Wednesday, July 8, College of William and Mary President Katherine Rowe issued a statement strongly condemning new restrictions imposed on international students by U.S. Immigration and Customs Enforcement amid the ongoing COVID-19 pandemic.

The new restrictions forbid international students studying in the United States with F-1 student visas from remaining or returning to the United States for remote-only instruction. Under the new policy, the student visas of international students who are not enrolled in at least one in-person course for the fall 2020 semester will be revoked, putting hundreds of thousands of international students at risk of deportation.

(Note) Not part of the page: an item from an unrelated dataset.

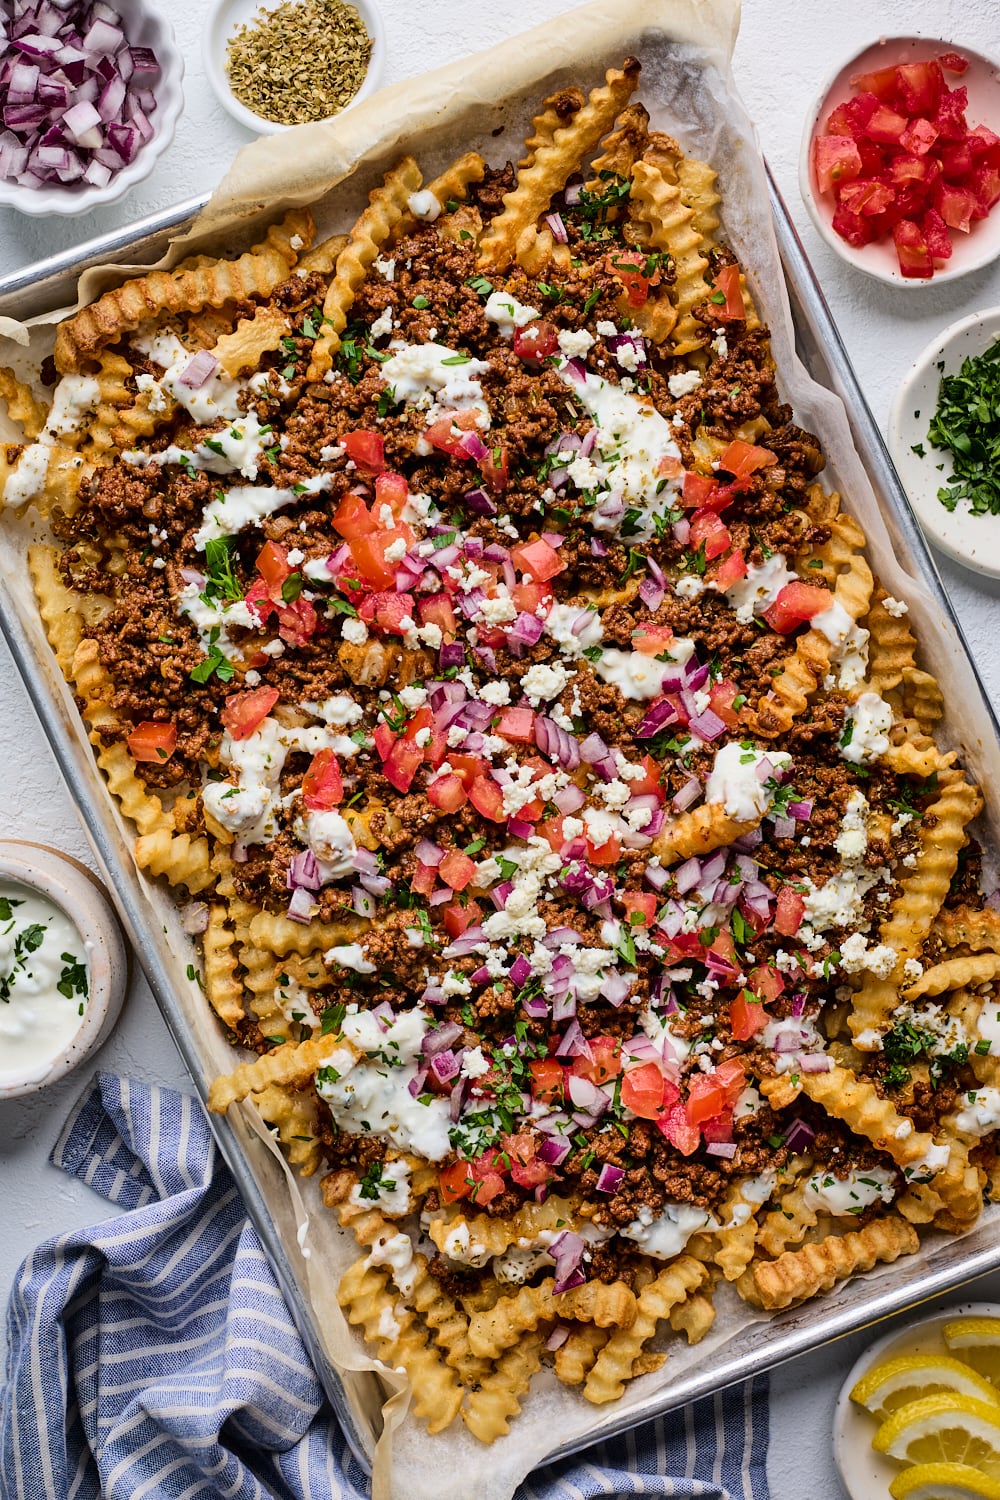 Loaded French fries (Greek style)

Rowe made clear in her statement that the new restrictions do not comport with the College’s values.

“International students are vital and honored members of our learning community. You make William and Mary a stronger, more vibrant university. We stand ready to support you in every way we can.”

“These regulations are unfair, unfeasible, and threaten William and Mary’s teaching and research mission as a global university,” Rowe said in a written statement. “They compound the uncertainty and concern brought on by the pandemic and go against every value we hold as an institution.”

According to the most recent statistics posted on the Reves Center’s website, approximately 1,200 international students, scholars, alumni on optional practical training and dependents studied at the College during the 2018-2019 academic year. Of these 1,200 students, approximately 780 (65 percent) studied at the College with an F-1 visa. International students from China constituted a 56 percent majority of the international population during this period. The next highest countries of origin for international students at the College were South Korea (6 percent) and India (3 percent).

Rowe emphasized in her statement that international students form an integral part of the College community and how their presence makes the university a better institution.

“International students are vital and honored members of our learning community,” Rowe said. “You make William and Mary a stronger, more vibrant university. We stand ready to support you in every way we can.”

The College’s Path Forward plan for the fall 2020 semester includes options for both in-person and online courses. Rowe promised in her statement that the university would do everything in its power to ensure that international students would be able to enroll in an in-person course for the fall semester should they decide to continue their studies in the United States.